Data shown section start

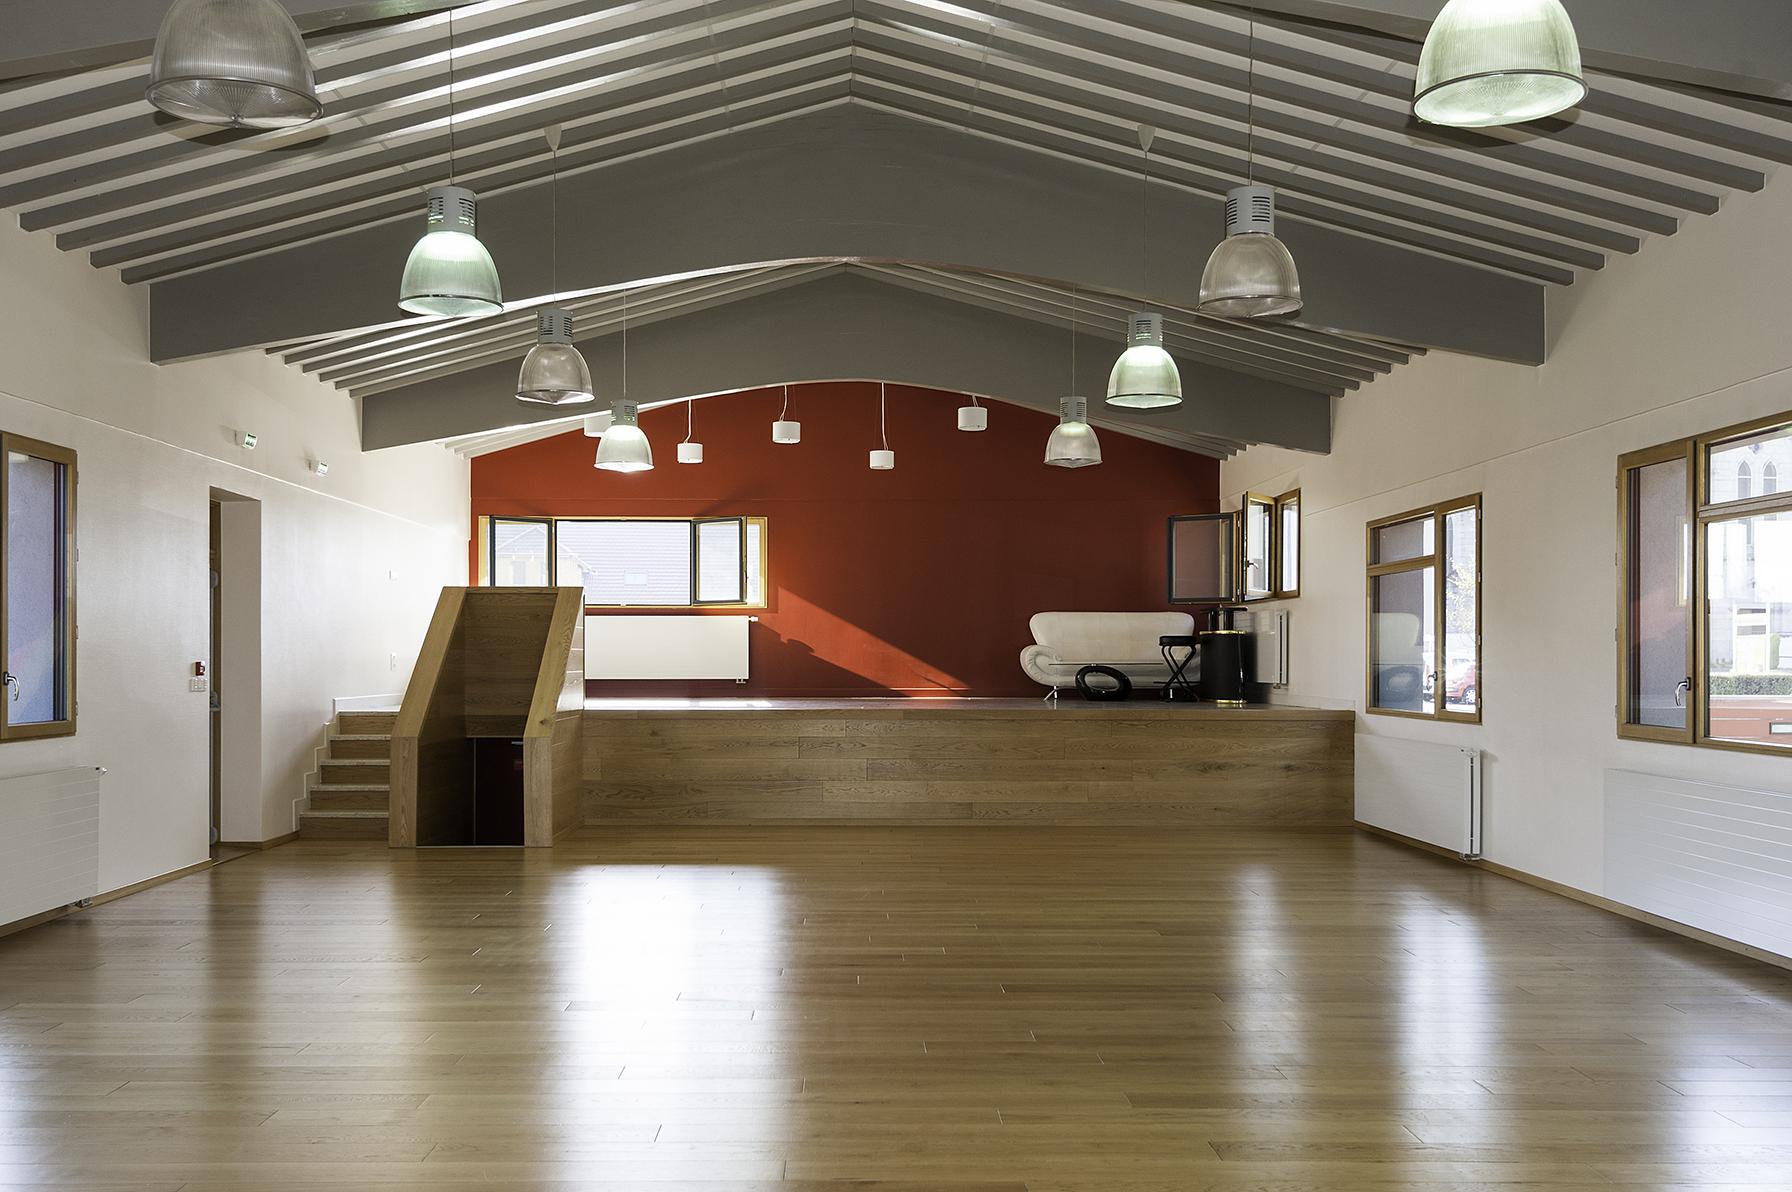 Maison pour Tous - Architectes GUYOT Nelly et POULAIN Isabelle
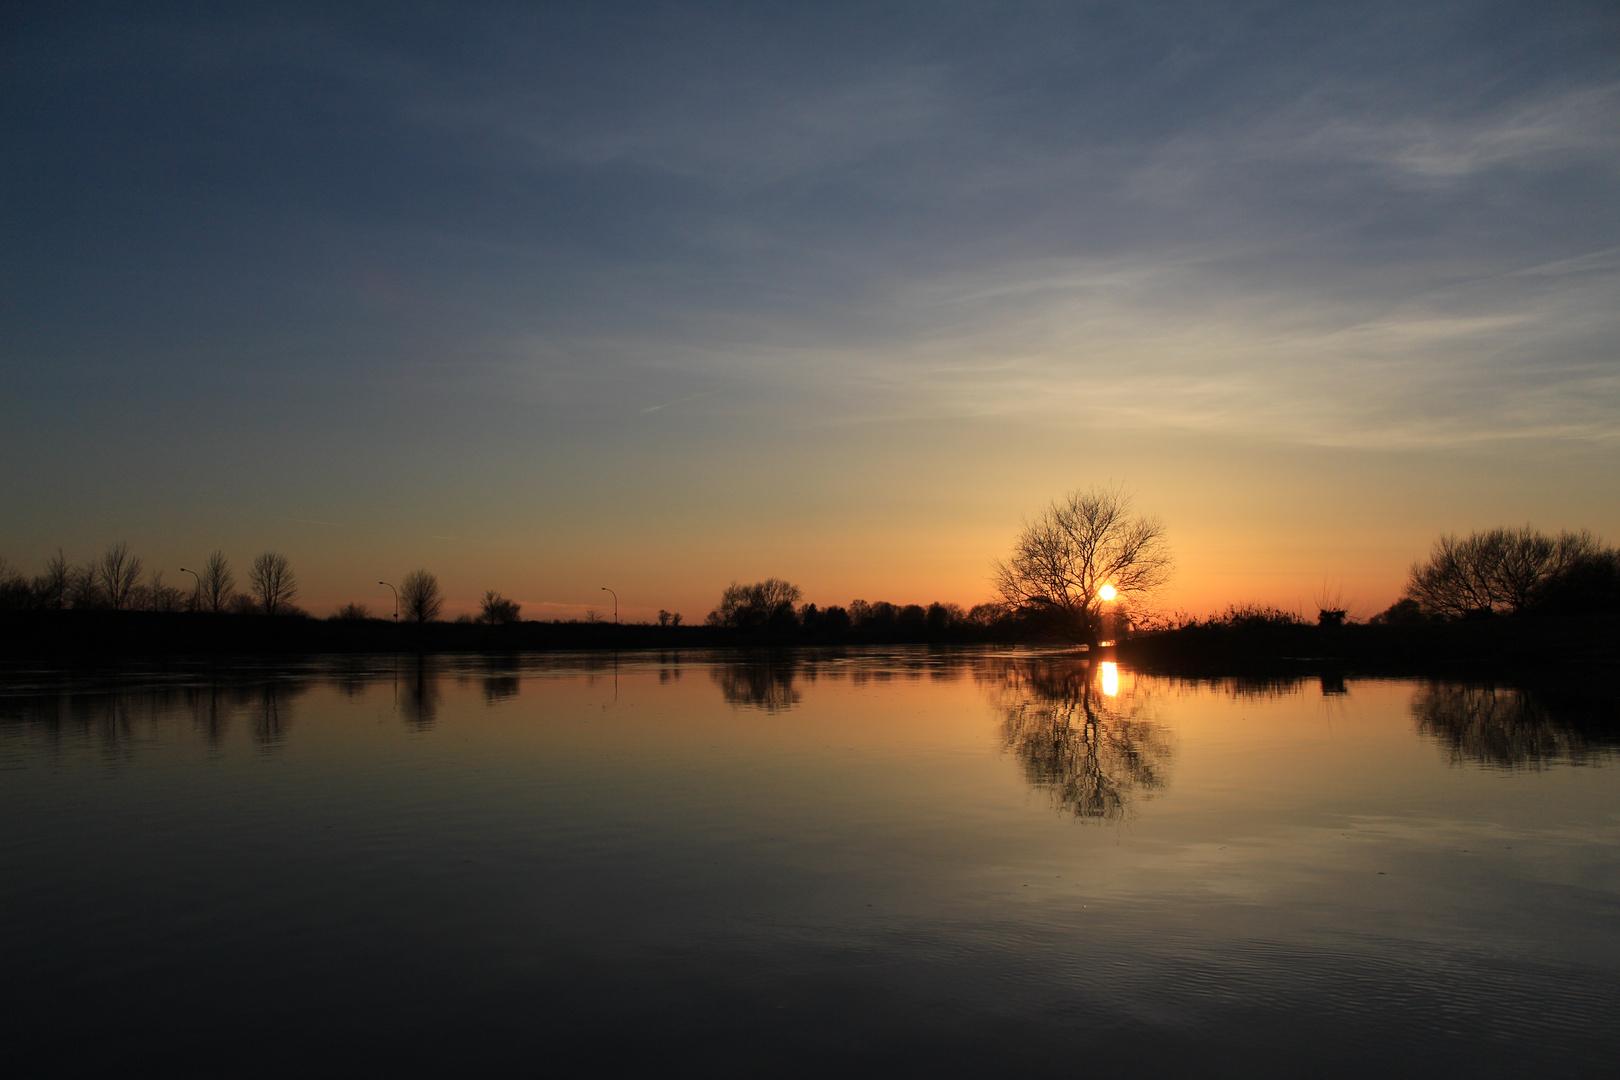 Der Sonnenuntergang an der Weser
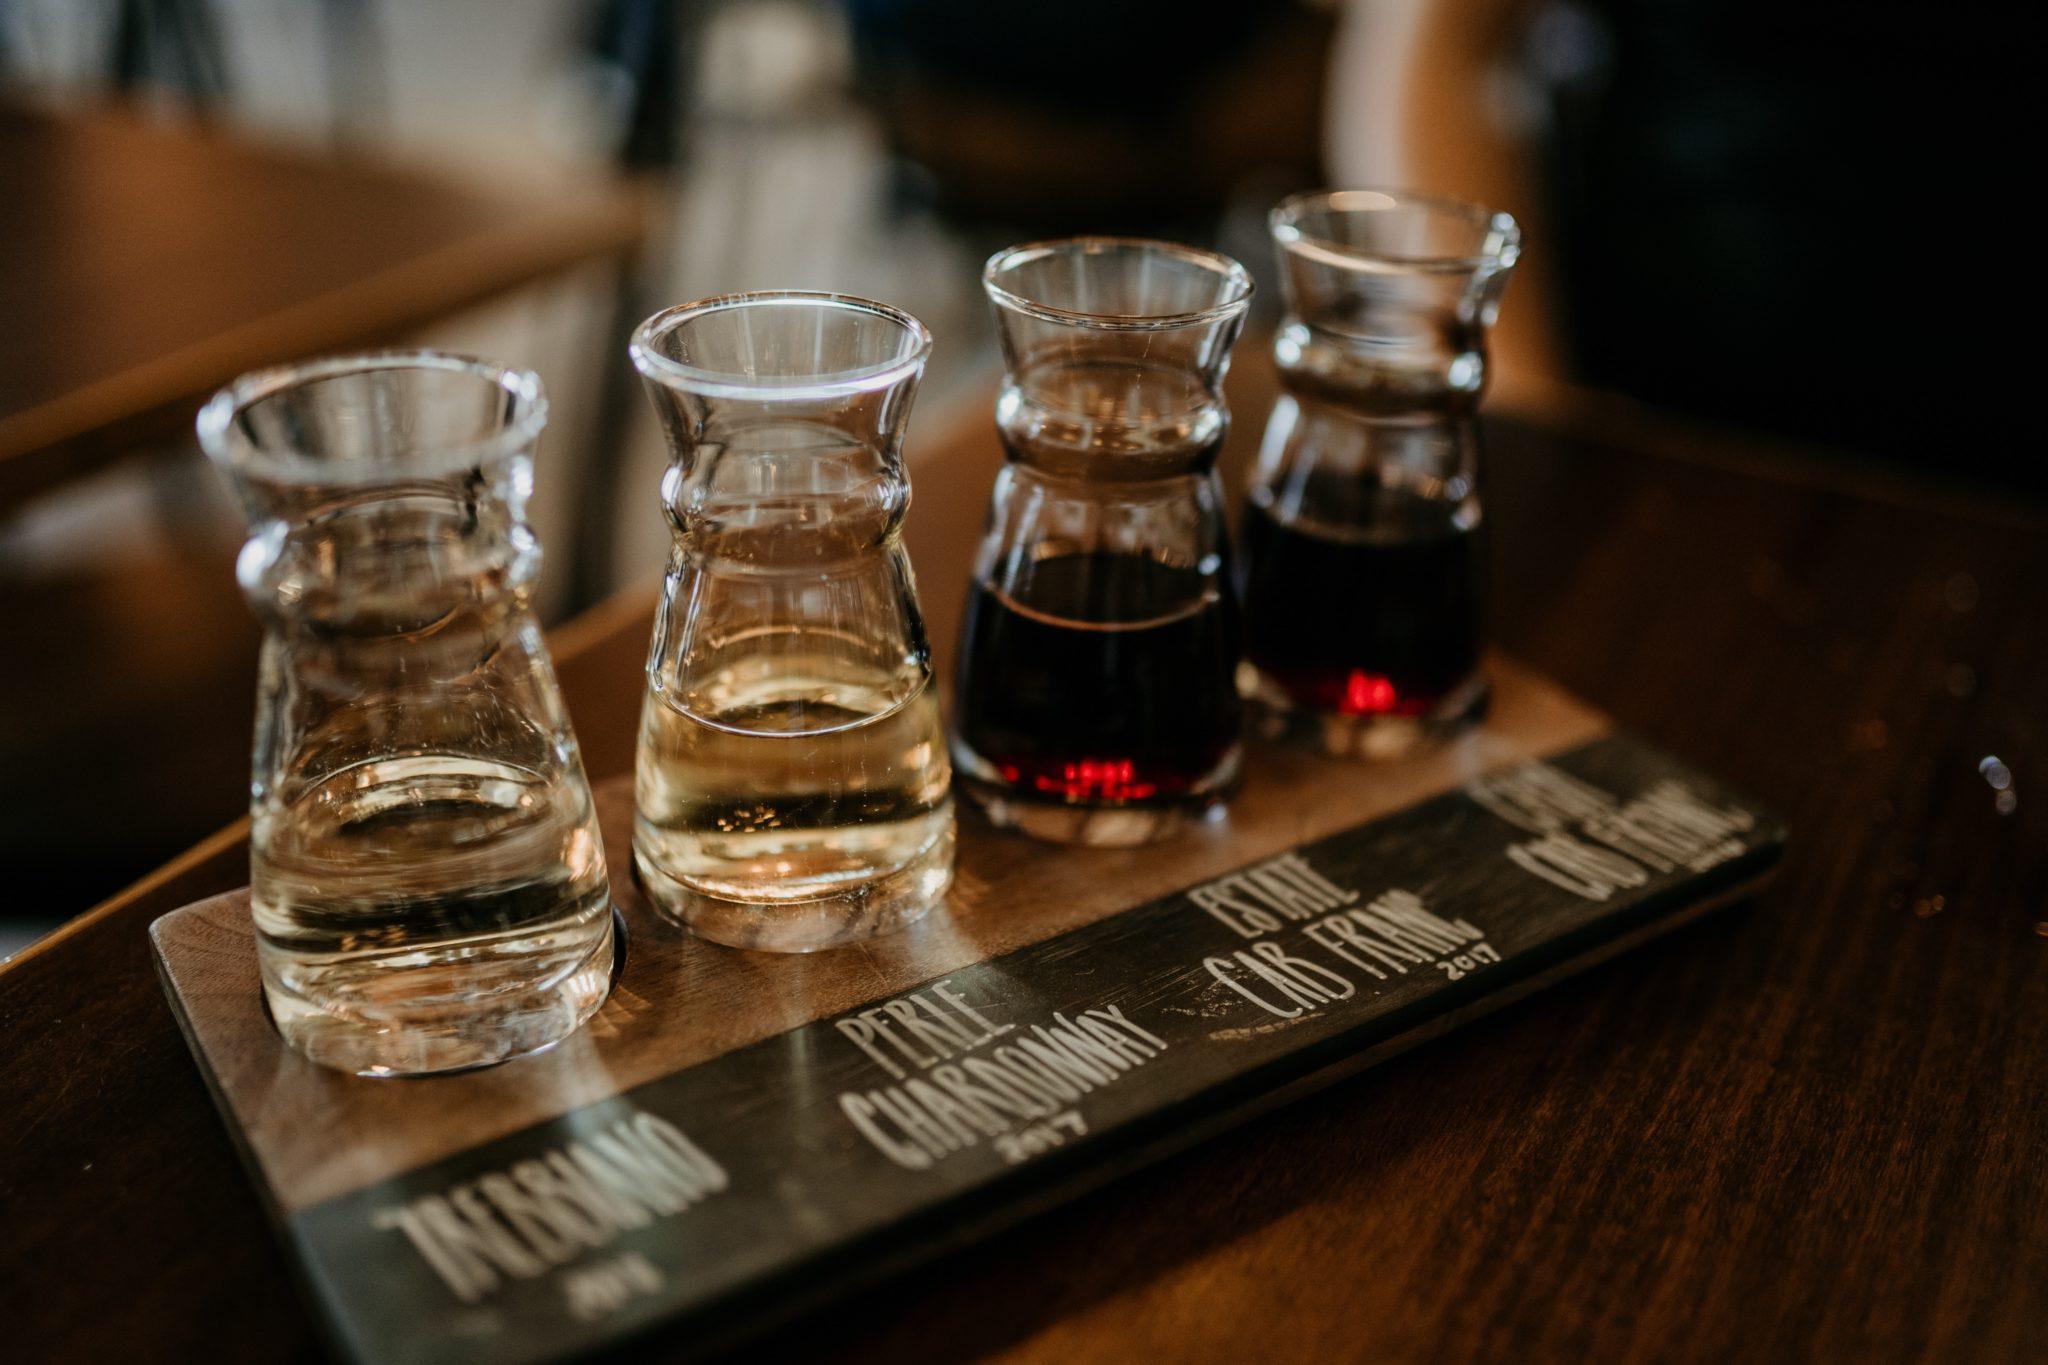 four wine sampler glasses

Data shown section end

What to work on: Transcribe the listing verbatim, pictures excluded.

Answer to this task:
 Maison pour Tous - Architectes GUYOT Nelly et POULAIN Isabelle
 Der Sonnenuntergang an der Weser
 four wine sampler glasses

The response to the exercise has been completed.